REQUIREMENT. An exact copy of all the data, minus the images, is required.

INFORMATION SUPPLIED.
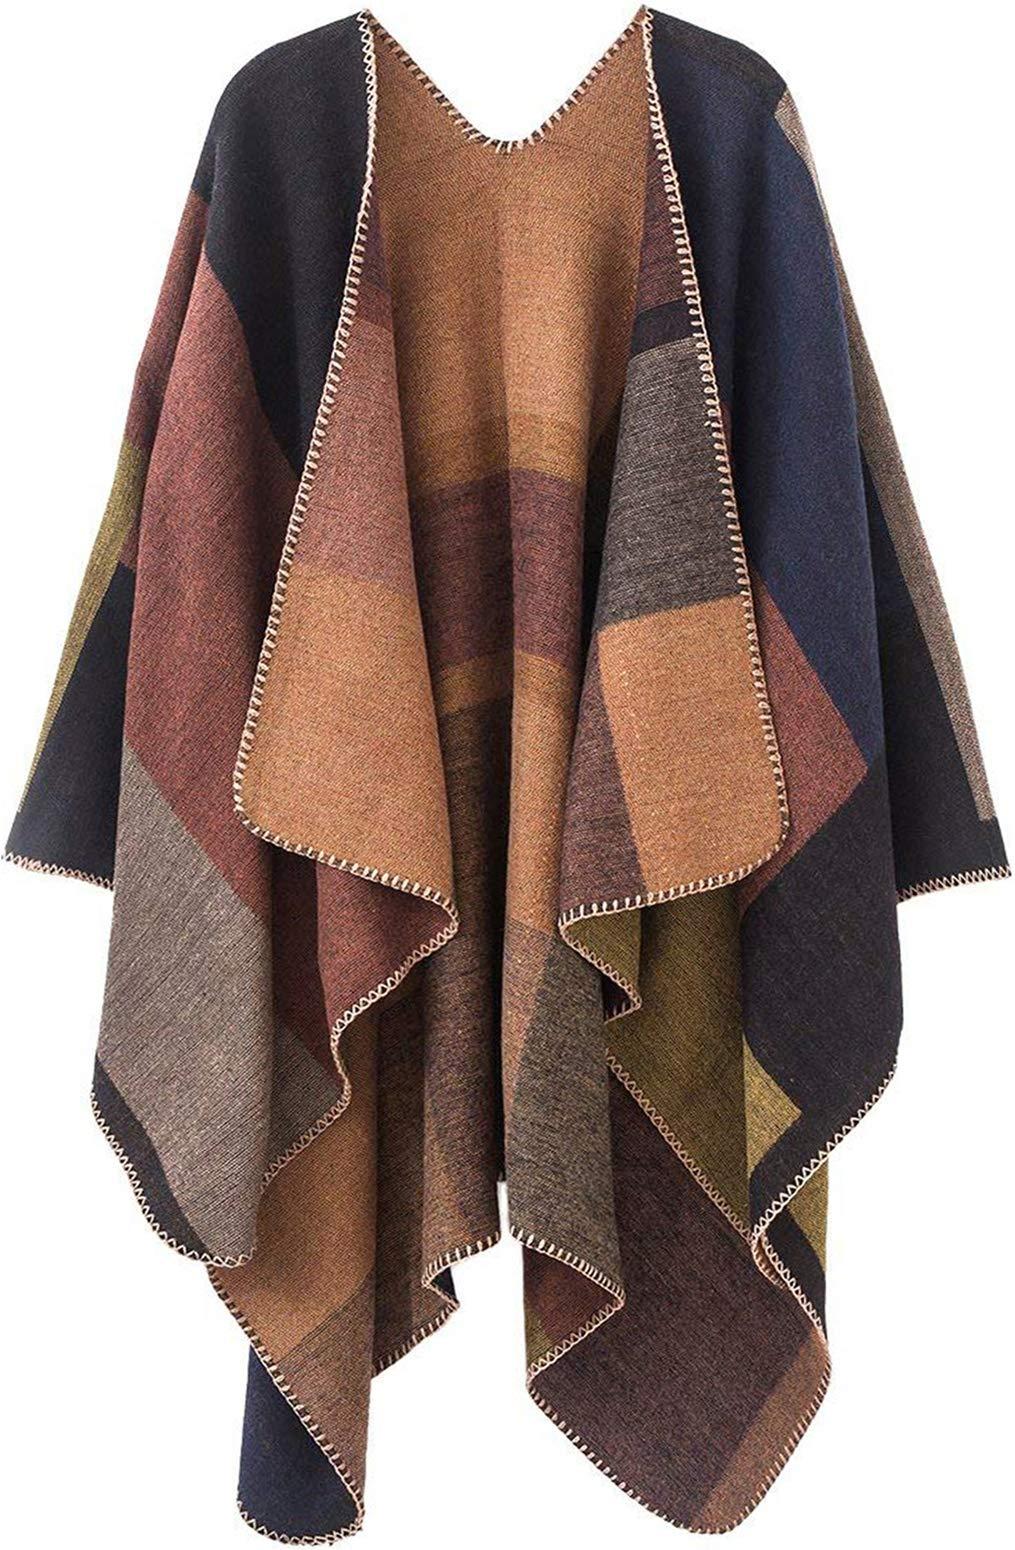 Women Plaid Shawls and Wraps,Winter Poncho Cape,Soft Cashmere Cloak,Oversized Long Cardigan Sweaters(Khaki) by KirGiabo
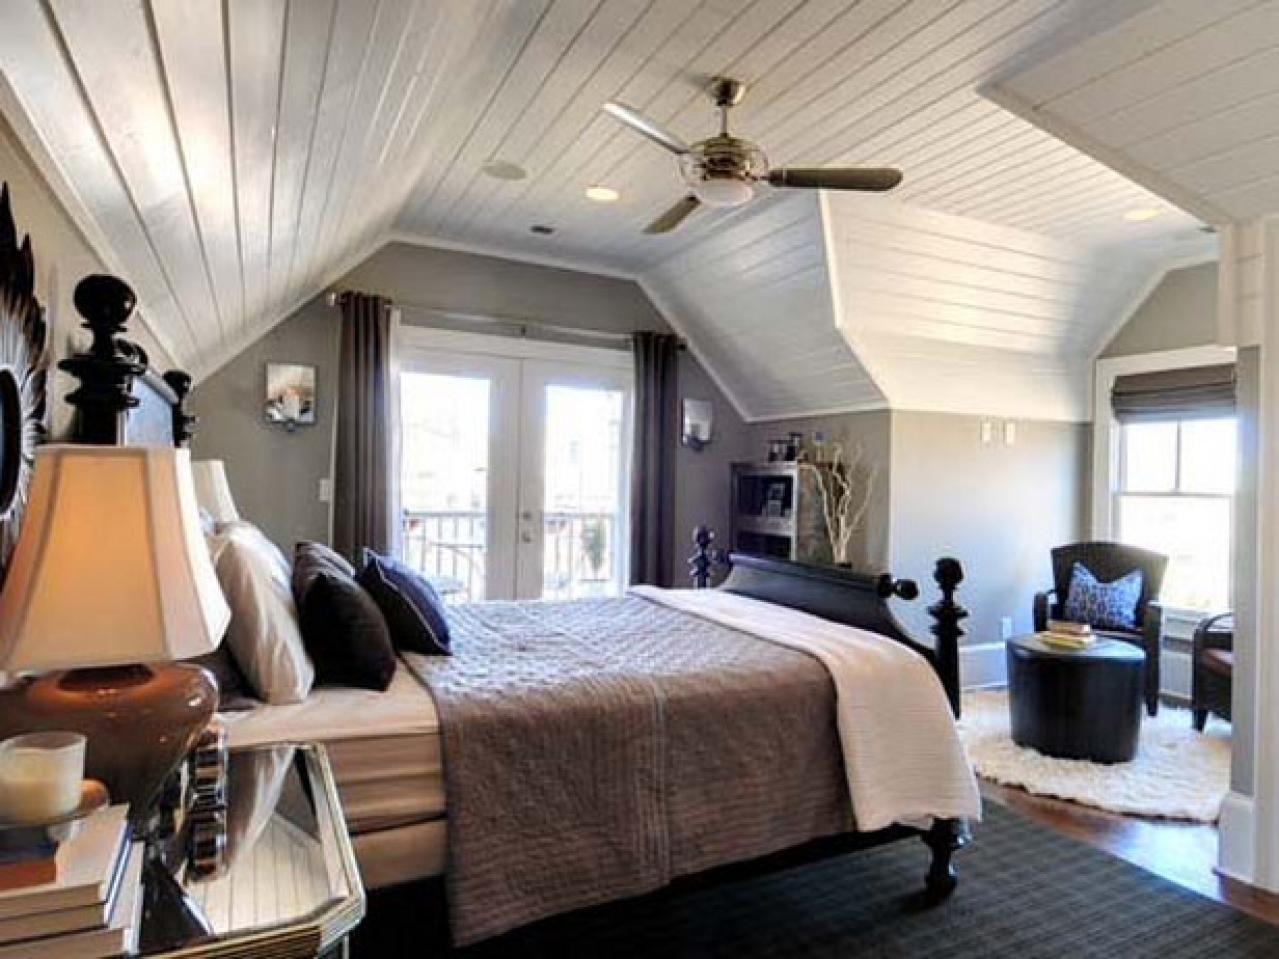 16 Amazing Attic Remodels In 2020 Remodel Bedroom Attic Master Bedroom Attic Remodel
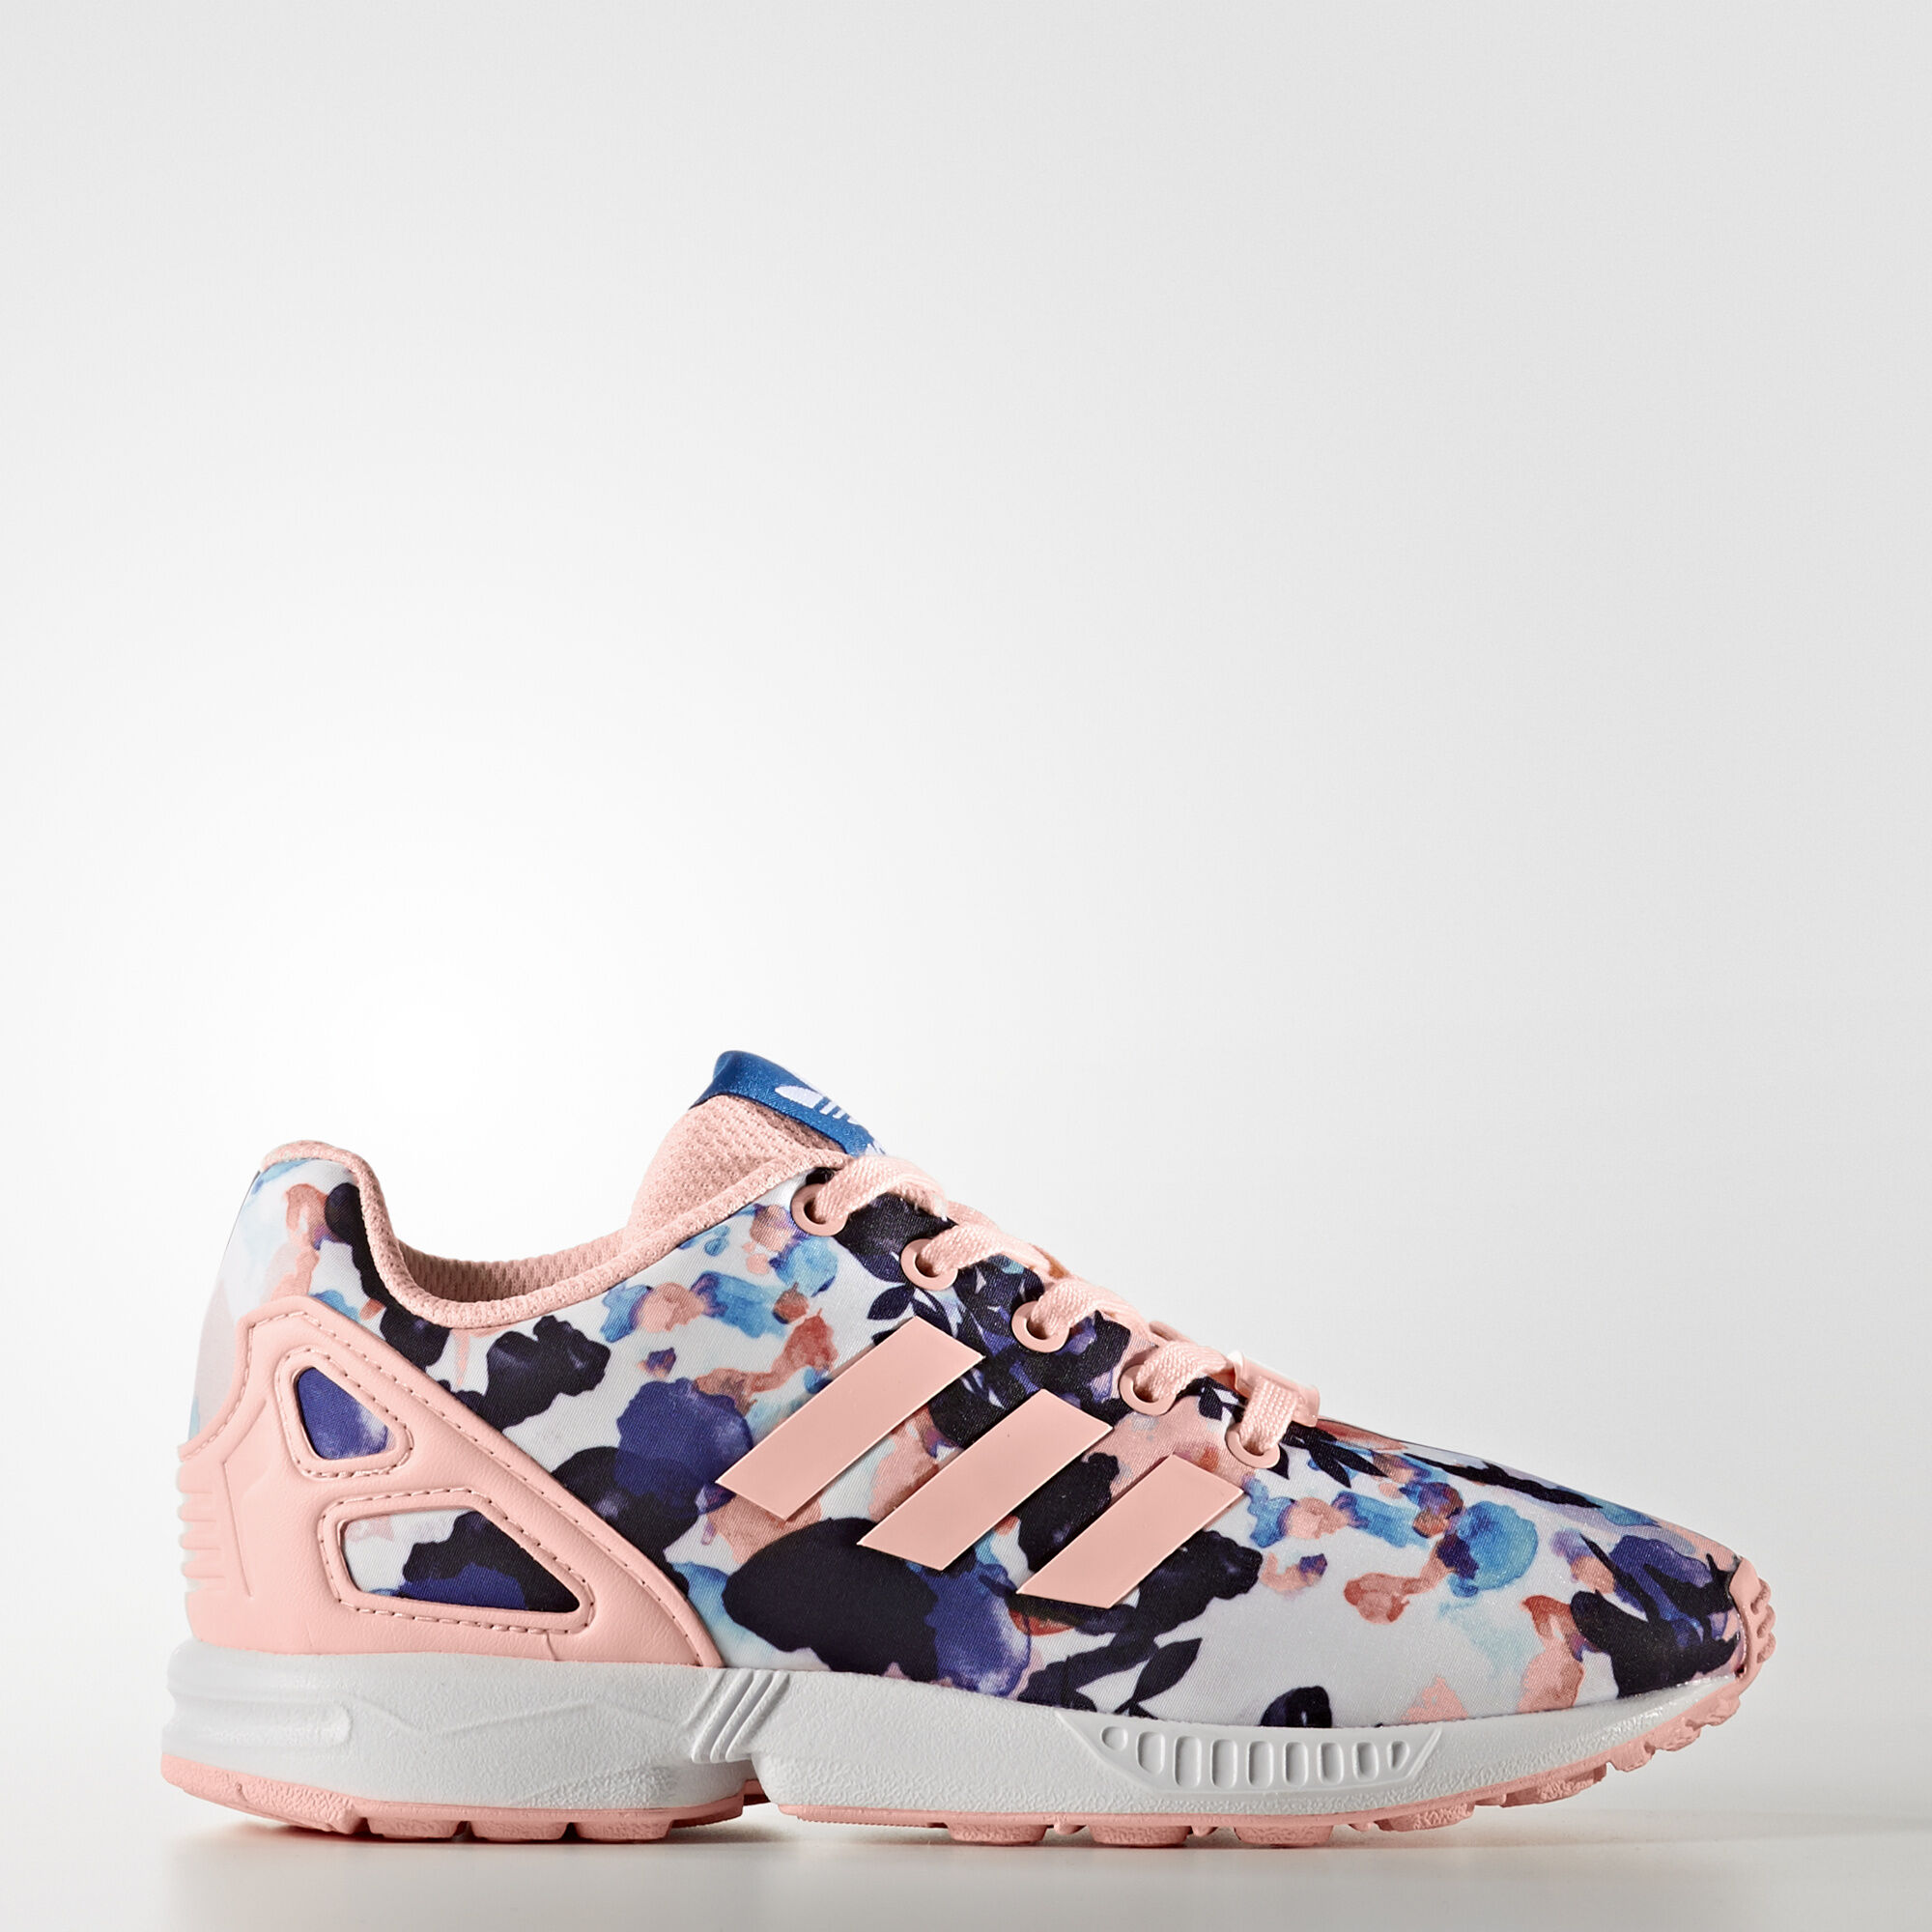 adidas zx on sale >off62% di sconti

SOLVED EXERCISE.
 Women Plaid Shawls and Wraps,Winter Poncho Cape,Soft Cashmere Cloak,Oversized Long Cardigan Sweaters(Khaki) by KirGiabo
 16 Amazing Attic Remodels In 2020 Remodel Bedroom Attic Master Bedroom Attic Remodel
 adidas zx on sale >off62% di sconti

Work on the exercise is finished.